Selbst der politisch sehr korrekte Bruce Ferguson kommt mit „Walking And Thinking And Walking“ nicht über Metapherndoppelung hinaus. Man geht an Bildern, Environments und mechanischen Objekten vorbei, mit denen diverse KünstlerInnen über das Gehen nachdenken oder eben dem Denken nachgehen. Mona Hatoum zieht auf einem Performance-Foto ein paar Knobelbecher hinter sich her, Barbara Bloom baut eine poetische Brücke in einen imaginären japanischen Garten, und Bruce Nauman stampft per Videomonitor stundenlang durchs Atelier. Auf dem Weg zum Ausgang begegnet man noch Gerhard Richters „Sekretärin“ der grauen Periode, die leider gleich wieder hinter dekorativem Efeu verschwindet, und im Museumscafé läuft als Abschluß ein Clip der Gruppe Talking Heads – „We're on our road to nowhere“. Wenigstens Charles Ray versucht mit einem dann doch harmlosen Planspiel das naturalistisch anmutende Sinnrevival zu konterkarieren. Seine „Family Romance“ aus unförmig angeschwollenen Puppen schart sich als genetische Gruppenmutation um Giacomettis dürre Wanderer, die er vom Museum geliehen hat.

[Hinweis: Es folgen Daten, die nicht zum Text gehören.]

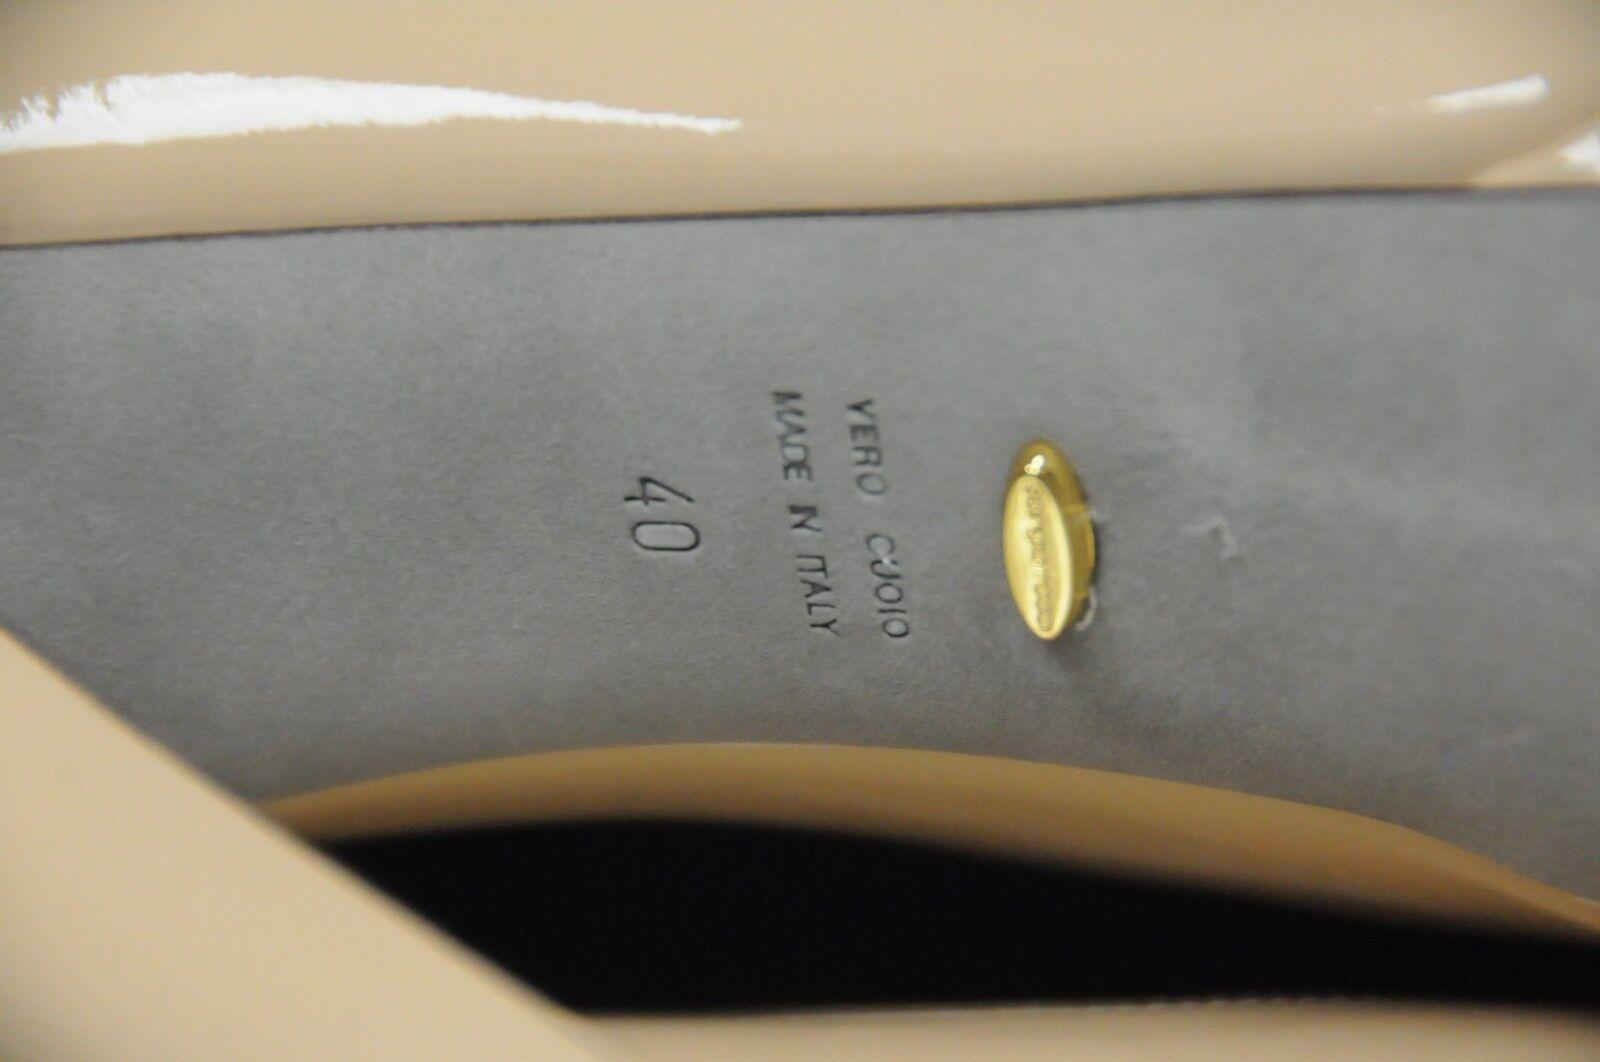 Neuf Sergio Rossi Milady Chair Beige Plateforme Plateforme Plateforme Cuir Chaussures Plates 40 a74563

Hier die sorgenvolle Existenz der Moderne, dort der Trash des Post-Human, dazwischen Jenny Holzers Granitbänke mit eingravierten Meditationen am Wegesrand. Auf diese Weise handelt Ferguson jede Position ab, ohne selbst eine eigene beziehen zu müssen. Natürlich finden sich auch Arbeiten über Emigration und Flüchtlingselend, Umweltverschmutzung oder den aufrechten Gang im Allgemeinen. Selbst die Arbeiterklasse bekommt im Engels-Zitat über die Unfähigkeit, sich zu vereinigen, ihren Platz im Museum: „... they rush past one another as if they had nothing in common ...“ steht in zarter Schablonenschrift auf eine Fensterscheibe geschrieben. Klassenkampf mit Blick aufs Meer.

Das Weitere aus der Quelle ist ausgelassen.